Но его вдруг охватывает паника, в некотором смысле это даже хорошо.
– Он может мне рассказать что угодно! – бормочет Ганс. – А я, я ничего не знаю, ничего не помню. Мне для самозащиты остаются лишь обрывки фраз в блокноте! Ах, силы слишком неравны! Я снова чувствую себя слепцом! Меня же заставляют сражаться с противником, у которого со зрением все в порядке!
– Да, разумеется, – говорю я, – утрата вами памяти делает эту встречу для вас более опасной! Все может случится, и вам, наверное, придется импровизировать. Но вы ведь сами этого хотели, а?
Он не отвечает и погружается в молчание. Я возвращаюсь к письменному столу. Наш разговор натолкнул меня на некоторые интересные мысли, которые я спешу записать.
Ганс садится на диван и начинает раскладывать очередной пасьянс. Не знаю, сколько прошло времени, но вдруг раздался этот жуткий звонок. Будто бомбою взорвалась тишина.
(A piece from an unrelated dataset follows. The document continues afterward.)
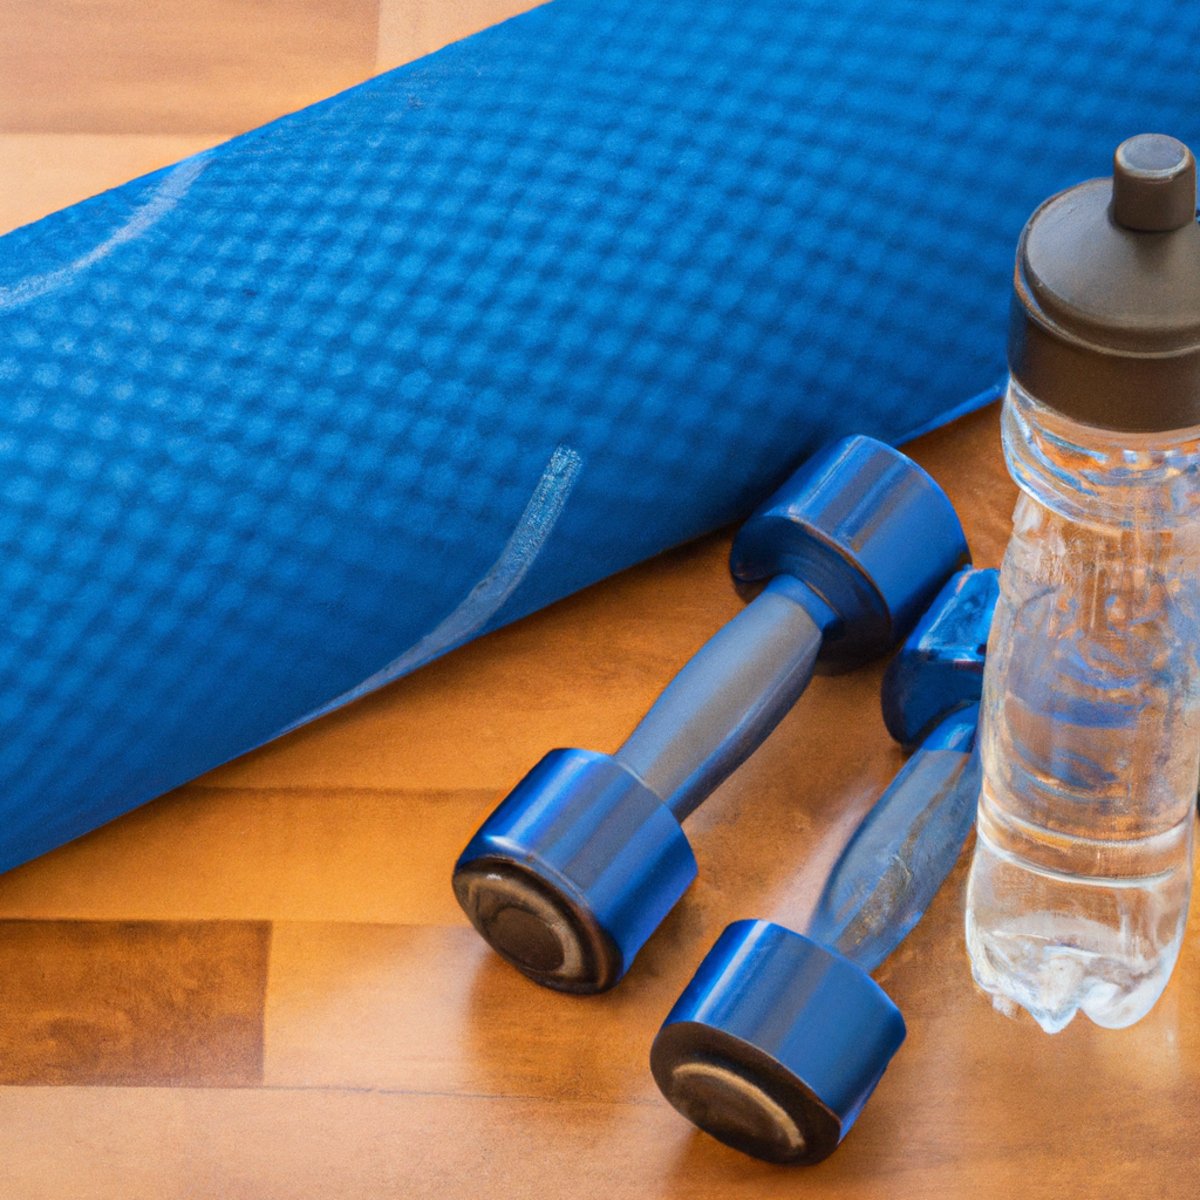 The photo depicts a set of dumbbells, a yoga mat, and a water bottle arranged neatly on a hardwood floor. The dumbbells are of varying weights and have a sleek, metallic finish. The yoga mat is a vibrant shade of blue and has a textured surface for added grip. The water bottle is transparent and filled with clear, refreshing water. The lighting in the photo is bright and natural, casting a warm glow on the objects. The composition of the photo suggests a sense of order and discipline, encouraging readers to take their fitness routines seriously.

Мы с Гансом одновременно вскочили со своих мест и теперь испуганно смотрели друг на друга. Я чувствую, как забились в одном ритме наши сердца. Да, это телефон. Да, это звонит Поль Дамьен, это может быть только он. Теперь-то все и начнется.
– Ну, чего же вы ждете? Снимите трубку! – кричит Ганс дрожащим голосом.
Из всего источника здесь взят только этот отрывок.